Your goal: The output must consist only of the lines from the one with "ARACY is updating" through the end of the listing, restated exactly and free of pictures.

Source data:

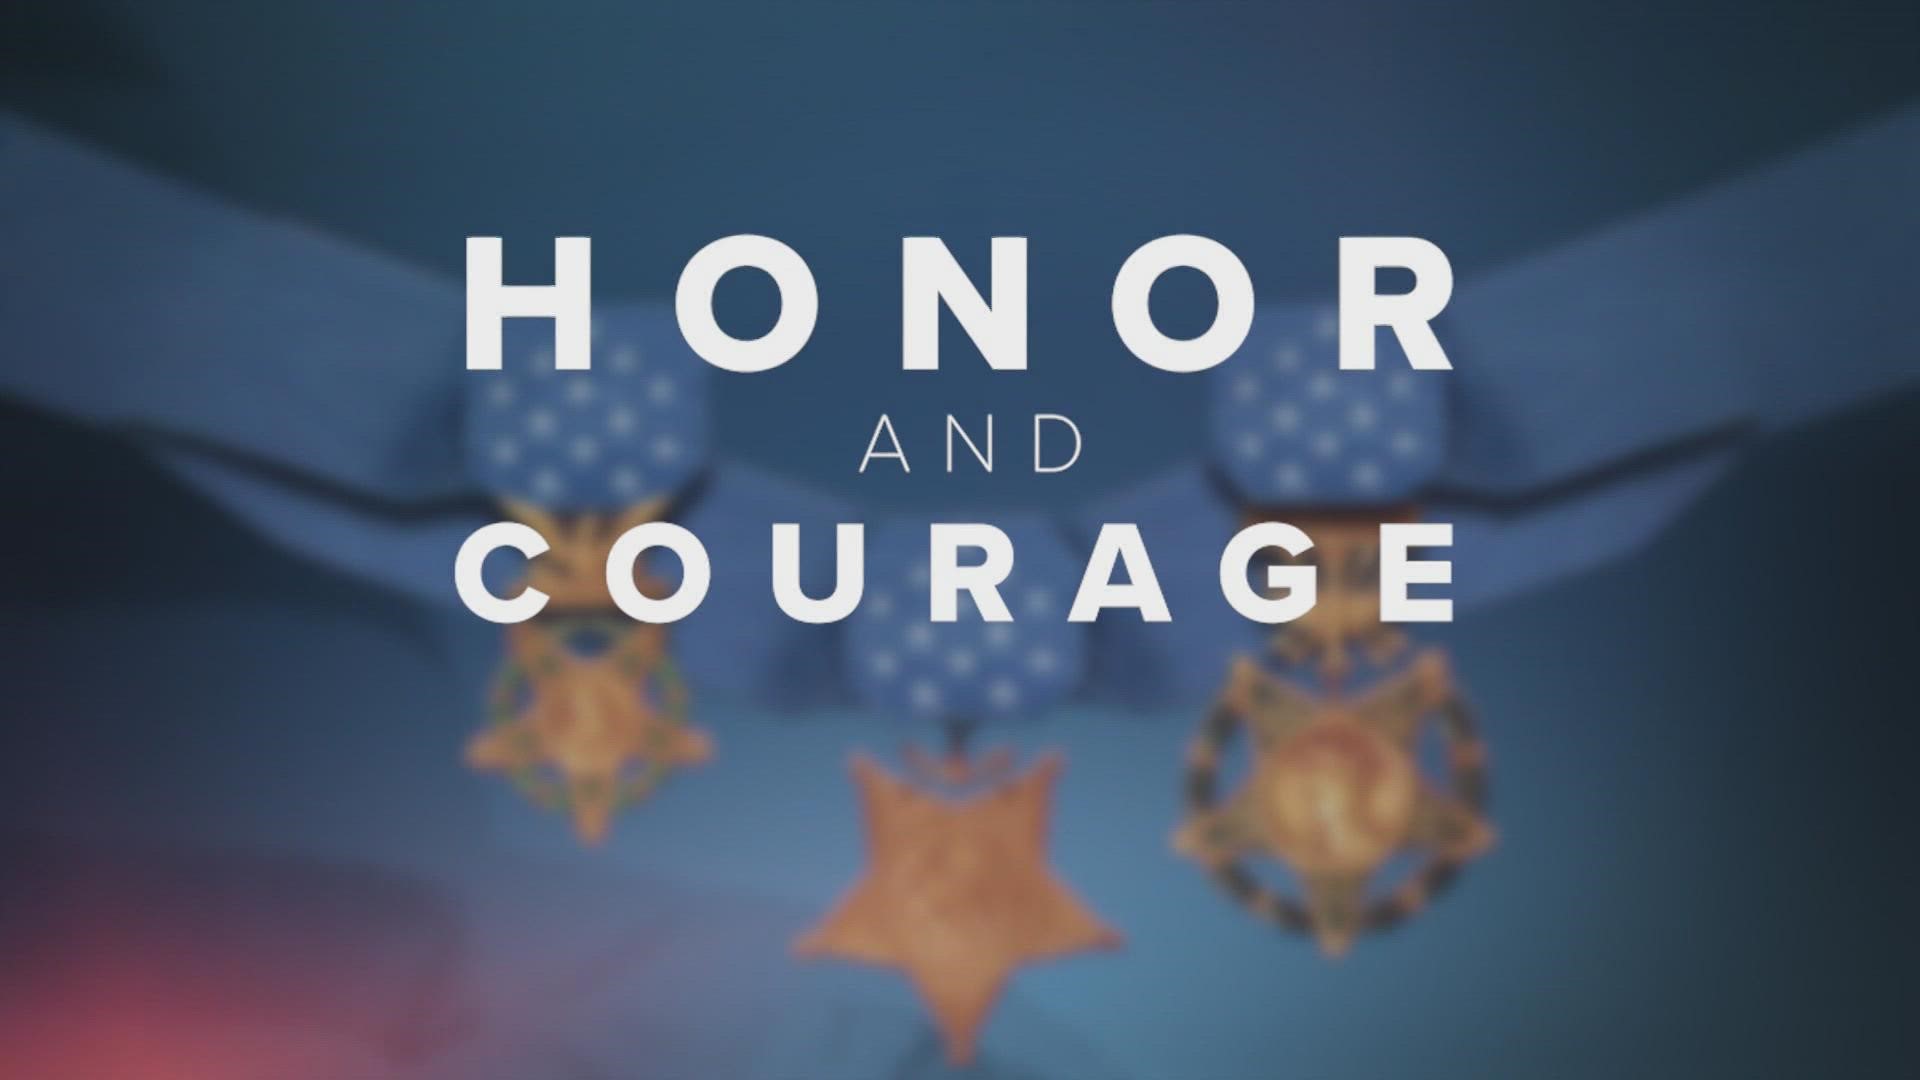 The Medal of Honor is the United States military's highest and rarest award for valor.
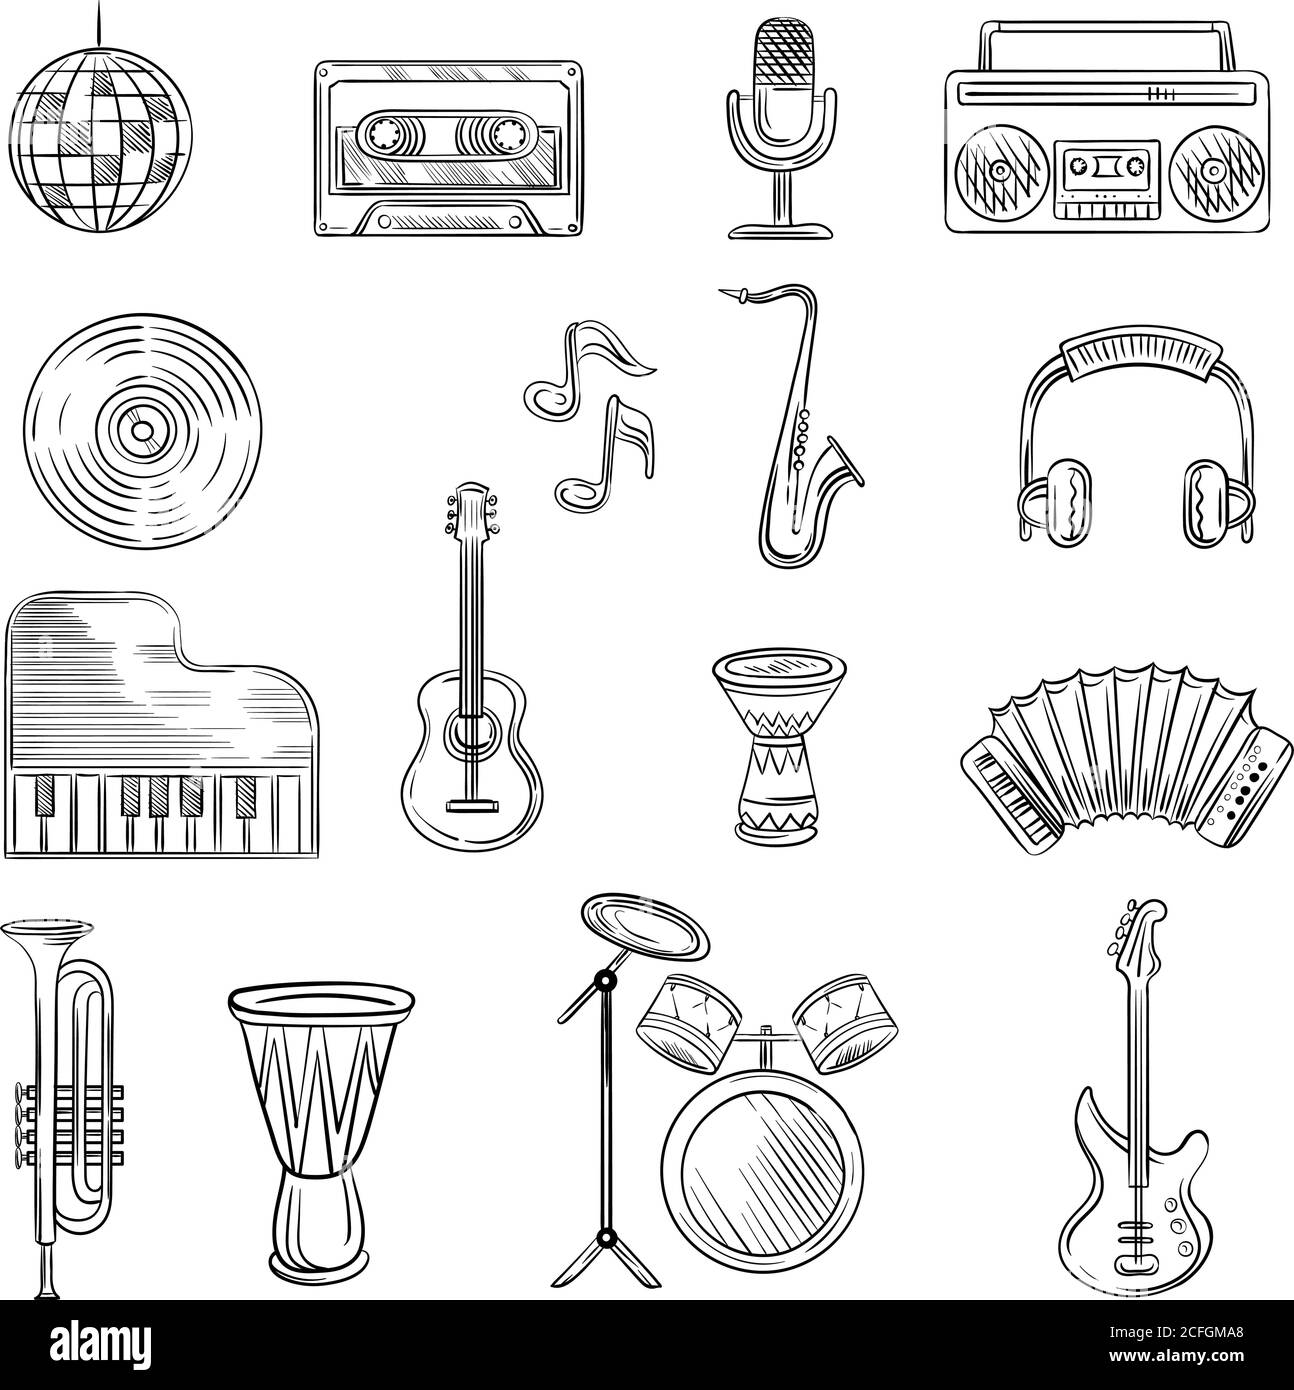 Collection of musical instruments in sketch  Stock Illustration  86742942  PIXTA
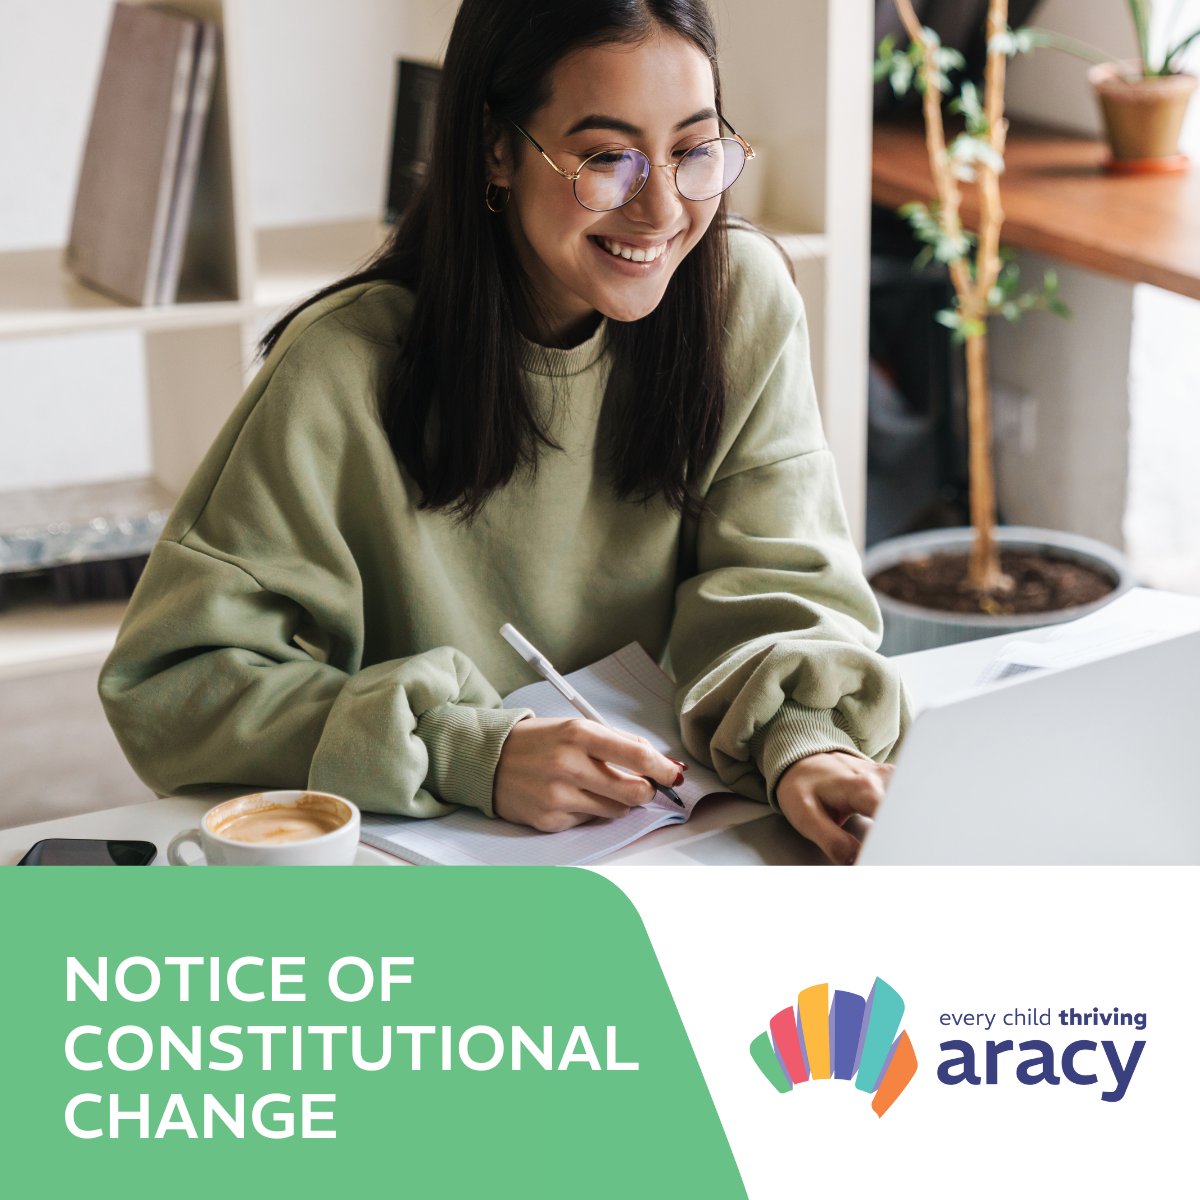 ARACY is updating its Constitution to better reflect our work for the wellbeing of children & young people. Vote on proposed changes at upcoming member meetings. More information can be found on our website. hubs.la/Q02xl2CW0 #ARACY #children #youth #everychildthriving
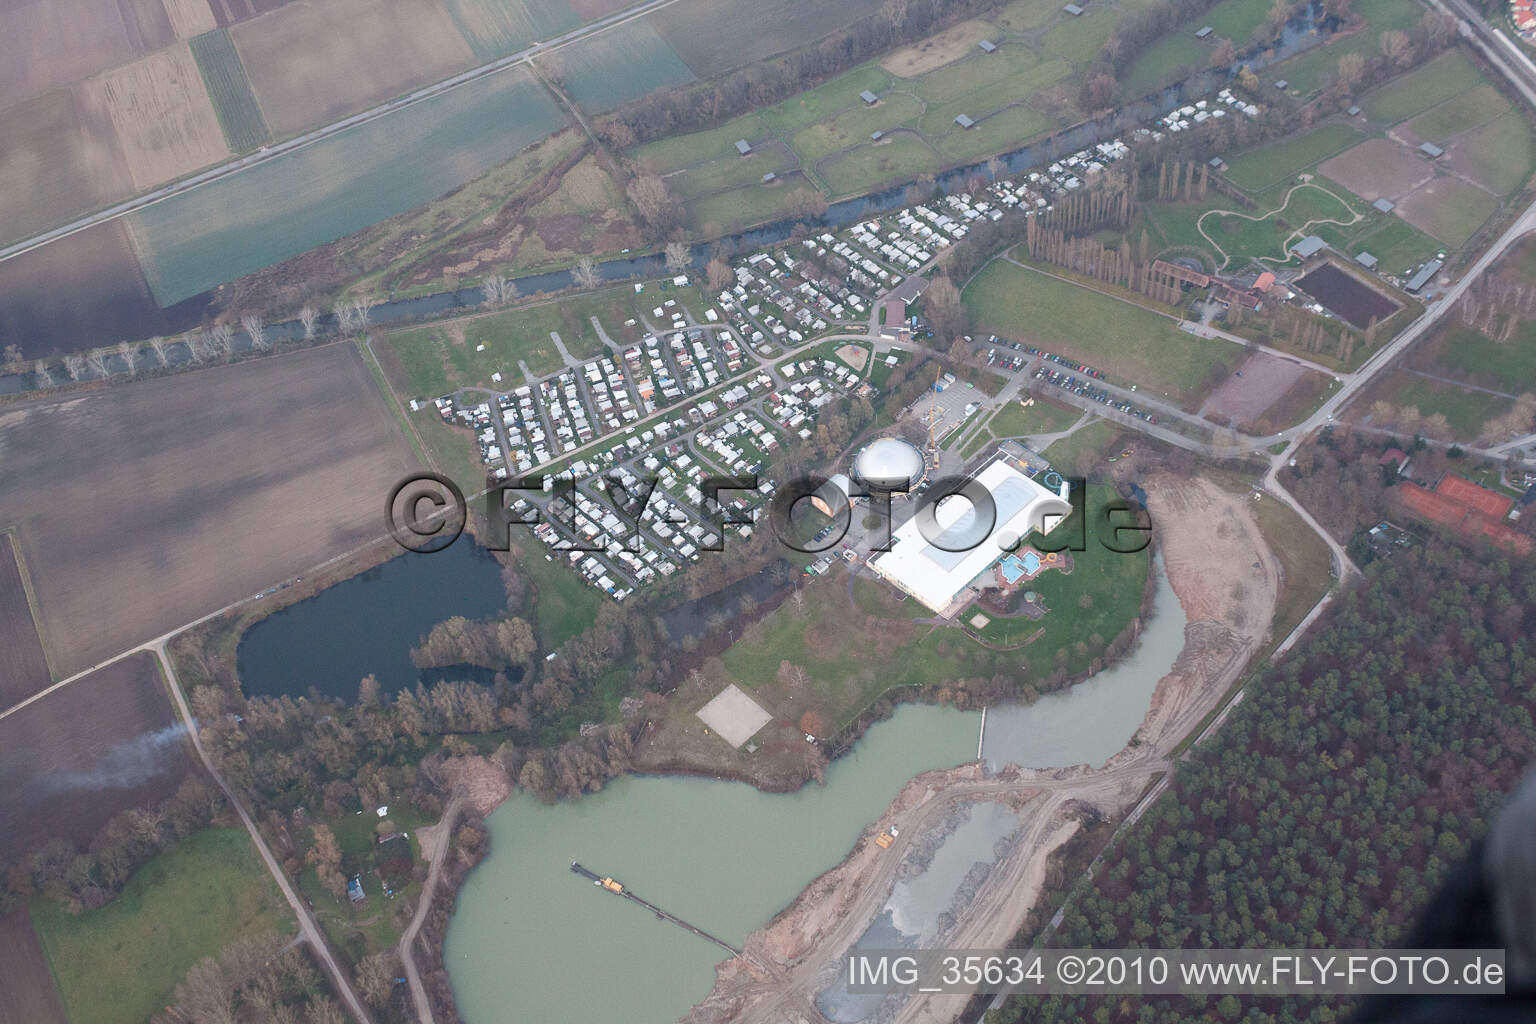 Aerial view of Campsite in Rülzheim in the state Rhineland-Palatinate, Germany

Answer below:
 ARACY is updating its Constitution to better reflect our work for the wellbeing of children & young people. Vote on proposed changes at upcoming member meetings. More information can be found on our website. hubs.la/Q02xl2CW0 #ARACY #children #youth #everychildthriving
 Aerial view of Campsite in Rülzheim in the state Rhineland-Palatinate, Germany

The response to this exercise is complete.